— Я послушался, но мне стало очень грустно от этого, — говорил Нишан. — Моя жена была с горячим языком, сварливая, да и еще у нее были слепые глаза. Нет, она видела, но только так, как хотела, и то, что хотела. Она думала, что ее братья мало приносят ей еды, что ее тухет плохо о ней заботится, и требовала от меня, чтобы я нес еду к нам в амбар, а у сестры было много детей, а у нас детей не было. Наконец я устал и решил уплыть сюда, в город. Думал, наверное, здесь понравятся мои ингрих. Сел в лодку и поплыл, спустился вниз по реке и попал сюда. Переночевал в лесу за городом, утром приплыл в гавань, разложил на досках лучшие ингрих и стал торговать. Люди покупали хорошо, дали мне много денег, я уж думал, что все устроится. Но вдруг пришли стражники отобрали деньги, ингрих и увели меня в тюрьму. Я так и не понял, почему.

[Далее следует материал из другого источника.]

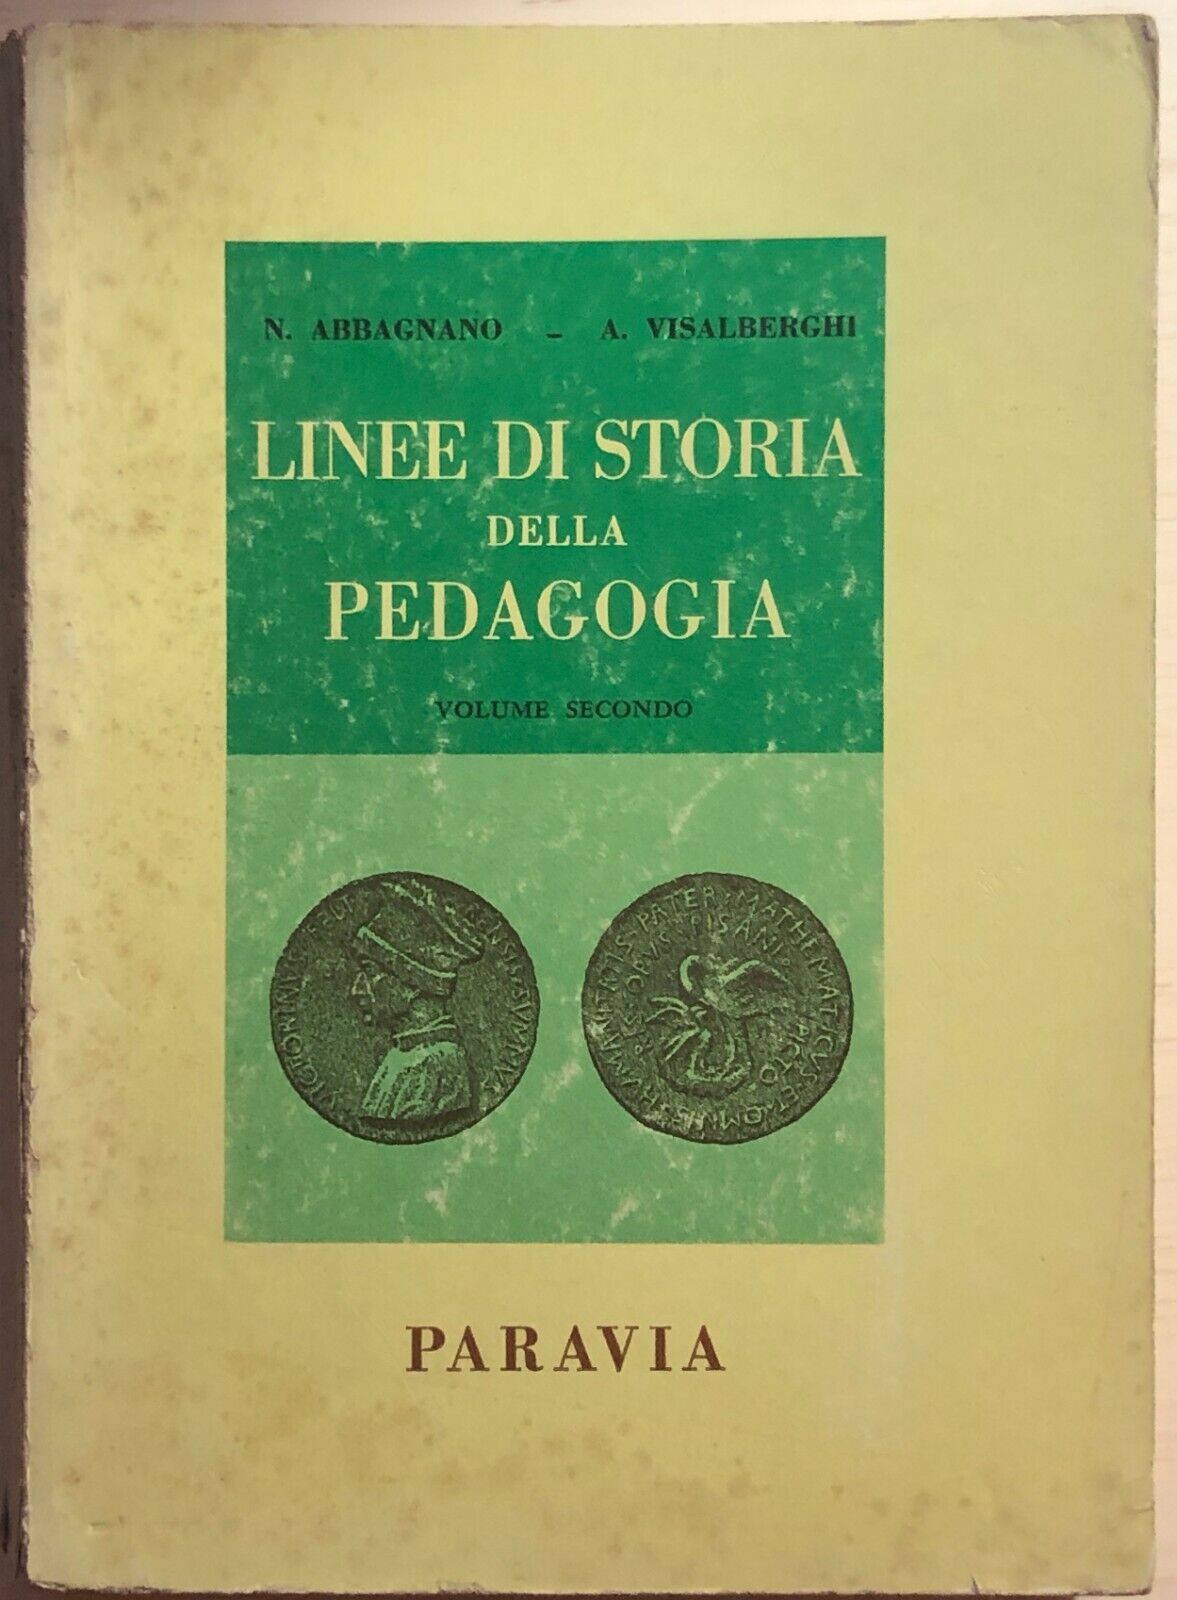 Linee di storia della pedagogia 2 di AA.VV., 1978, Paravia

Керви навел справки в городской страже и оказалось, что Нишана Действительно арестовали в гавани около девяти декад назад за то, что он торговал, не заплатив торговой пошлины. Керви даже полюбопытствовал, что это были за ингрих, которыми торговал болотный человек, но никто уже ничего толком не помнил. «Наверное, приворотные зелья какие-то, — говорили стражники. — А то, может быть, и яды».

В конце концов донельзя заинтригованная Ксанта попросила Нишана показать свое искусство. Он сказал, что ему потребуются кусок тонкой хорошо выделанной кожи и острый нож. Скоро все окна в доме, затянутые по случаю холодов промасленным полотном были украшены филигранными рисунками. На одном из них раскинула узловатые ветви старая яблоня, и дети собирали яблоки в высокие корзины, на другом под плакучей ивой сидели в лодке рыбаки, а совсем в стороне от них среди камышей резвились рыбки, на третьем неслось по снегам стадо оленей, на четвертом девушка плела сеть. Нишан вырезал из кожи фигурки и приклеивал их с наружной стороны полотна. Когда утром поднималось солнце и его лучи проникали в комнаты, фигурки как по волшебству появлялись в окнах. В течение дня солнце обходило дом и оживляло все новые и новые картинки. Ксанта от души жалела, что с ними нет детей. Впрочем, и Дреки, и Крита, и Керви, да и сама Ксанта не могли налюбоваться искусством их нового приятеля. Он действительно мог заработать немало денег в Хамарне.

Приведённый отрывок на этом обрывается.